Parallel algorithms for frequent items include message-passing, shared-memory and accelerators based algorithms. Almost all of the proposed algorithms are parallel versions of Frequent and Space Saving. Among message-passing algorithms, we recall here [9, 10] (slightly improved in [5]). With regard to shared-memory architectures, it is worth citing [15, 26, 29, 30]. Recently, [27] proposed novel shared-memory algorithms. Accelerator based algorithms for frequent items exploiting a GPU (Graphics Processing Unit) or the Intel Phi processor include [3, 8, 18, 19].

Mining time faded frequent items has been investigated in [4, 7, 12, 28]. A parallel message-passing based algorithm has been recently proposed in [6].

Regarding CHHs, an algorithm based on the nested application of Frequent has been recently presented in [22]. The outermost application mines the primary dimension, whilst the innermost one mines correlated secondary items. The main drawbacks of this algorithm, being based on Frequent, are the accuracy (which is very low), the huge amount of space required and the rather slow speed (owing to the nested summaries).

In [17], we proposed a fast and accurate algorithm for mining CHHs. Our Cascading Space Saving Correlated Heavy Hitters (CSSCHH) algorithm exploits the basic ideas of Space Saving, combining two summaries for tracking the primary item frequencies and the tuple frequencies. We refer to our algorithm as Cascading Space Saving since it is based on the use of two distinct and independent applications of Space Saving.

A stream summary \(\mathcal {S}\) with k counters is the data structure used by Space Saving in order to monitor up to k distinct items. Space Saving processes one item at a time. When the item is already monitored by a counter, its estimated frequency is incremented by one. When it is not monitored, there are two possibilities. If a counter is available, it will be in charge of monitoring the item and its estimated frequency is set to one. Otherwise, if all of the counters are already occupied (their frequencies are different from zero), the counter storing the item with minimum frequency is incremented by one, then the monitored item is replaced by the new item. It can be proved that Space Saving correctly reports in its summary all of the \(\phi \)-frequent items of the processed input stream with \(\phi > \frac{1}{k}\) [24].

Therefore, we use two independent Space Saving stream summaries as data structures. The first, denoted by \(\mathcal {S}^p\), and referred to as the primary stream summary, monitors a subset of primary items which appears in the stream through the use of \(k_1\) distinct counters. The second, denoted by \(\mathcal {S}^t\), includes \(k_2\) counters and monitors a subset of the tuples which appear in the stream.
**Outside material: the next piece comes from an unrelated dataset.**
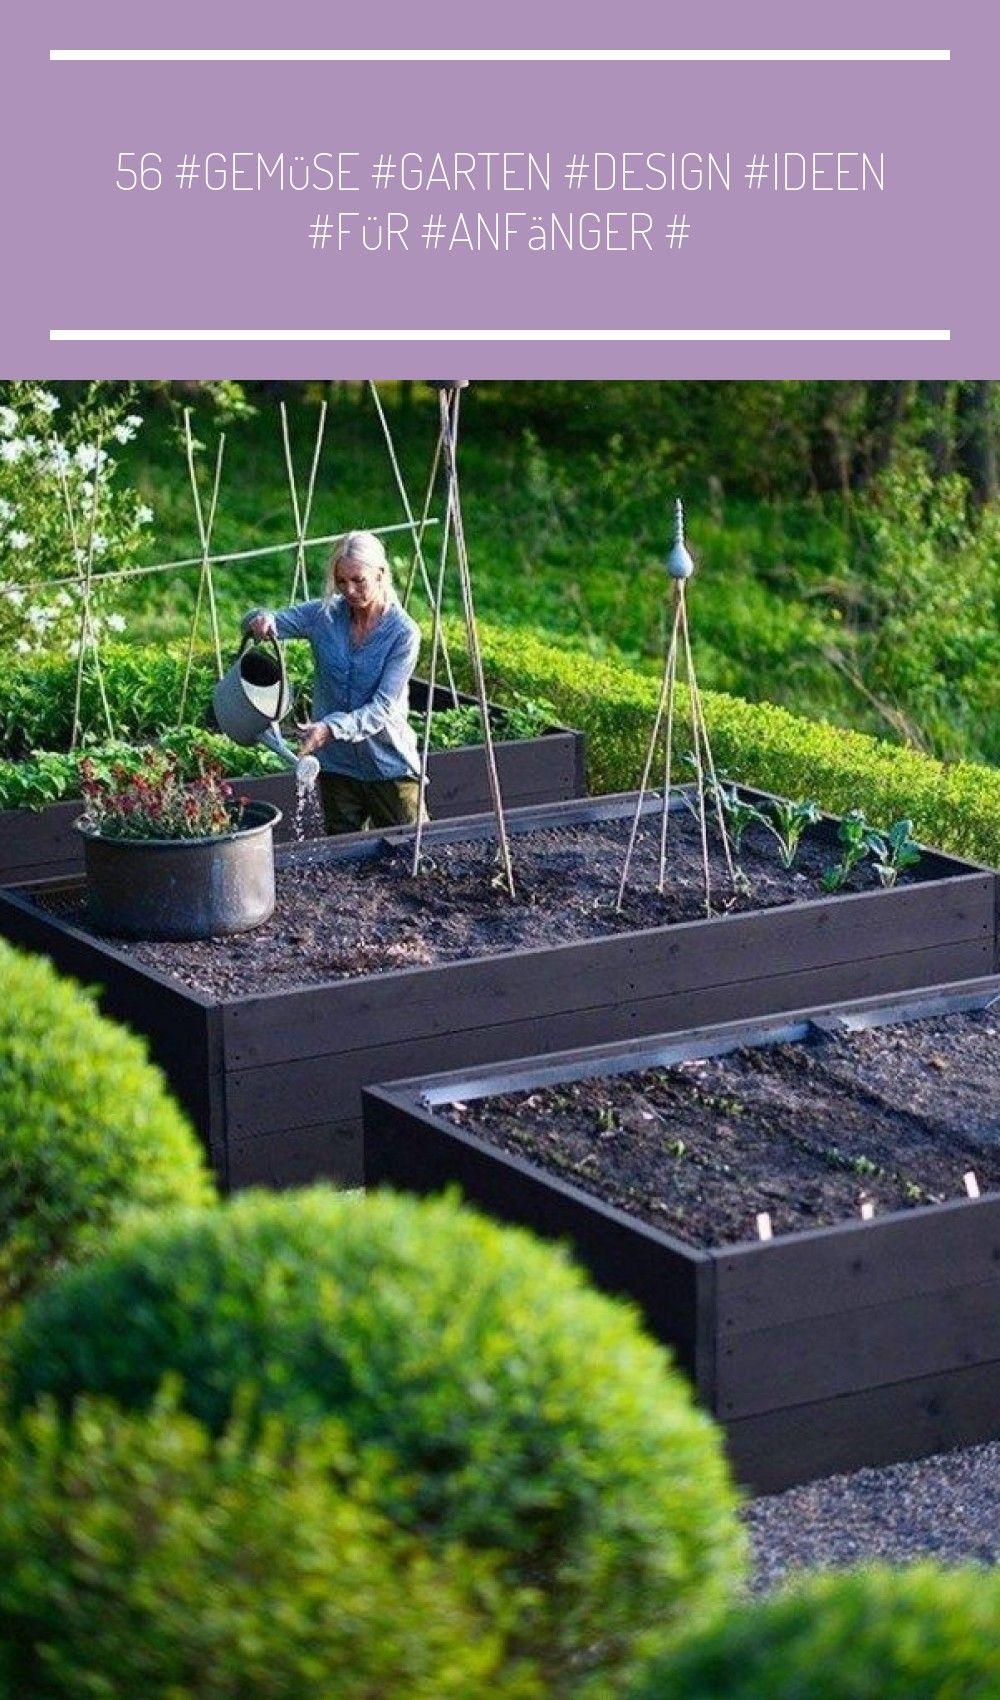 56 Gemuse Garten Design Ideen Fur Anfanger Anfanger Design Garten Gemu Vegetable Garden For Beginners Vegetable Garden Design Backyard Landscaping

We proved that CSSCHH is correct and outperforms the algorithm proposed in [22] with regard to speed, accuracy and space required; we also showed how to select the values of \(k_1\) and \(k_2\) in order to minimize the space required. Full details can be found in [17]. In this work we design a parallel version of CSSCHH which we call PCSSCHH. To the best of our knowledge, this is the first parallel algorithm for message-passing architectures solving the ACHH problem.

3 A Parallel Algorithm for the ACHH Problem

In this paper we assume an offline setting, in which the stream tuples have been stored as a static dataset. This is not restrictive, since we shall show that our algorithm can also work in the streaming (online) setting as well. In the offline setting, we partition the input dataset by using a simple 1D block-based domain decomposition among the available p processes; then, in parallel, each process updates its local summaries with the items belonging to its own block. Once the blocks have been processed, one of the processes is in charge of determining the CHHs. The processes engage in a parallel reduction in which their summaries are merged into global summaries preserving all of the information stored in the original local summaries. These summaries can then be queried to return the CHHs.

The streaming (online) setting is related to a distributed scenario in which there are p distributed sites, each handling a different stream \(\sigma _i, i = 1,\ldots ,p\). One of the p sites may act as a centralized coordinator, or there can be another different site taking this responsibility. The coordinator broadcasts, when required, a “query” message to the p sites, which then temporarily stop processing their sub-streams, and engage in the merge procedure. The distributed sites can be thought as being multi-threaded processes, in which one thread processing the stream temporarily stops when a query message is received from the coordinator, creates a copy of its local summaries and then resumes stream processing whilst another thread engages in the distributed merging using the copies of the summaries.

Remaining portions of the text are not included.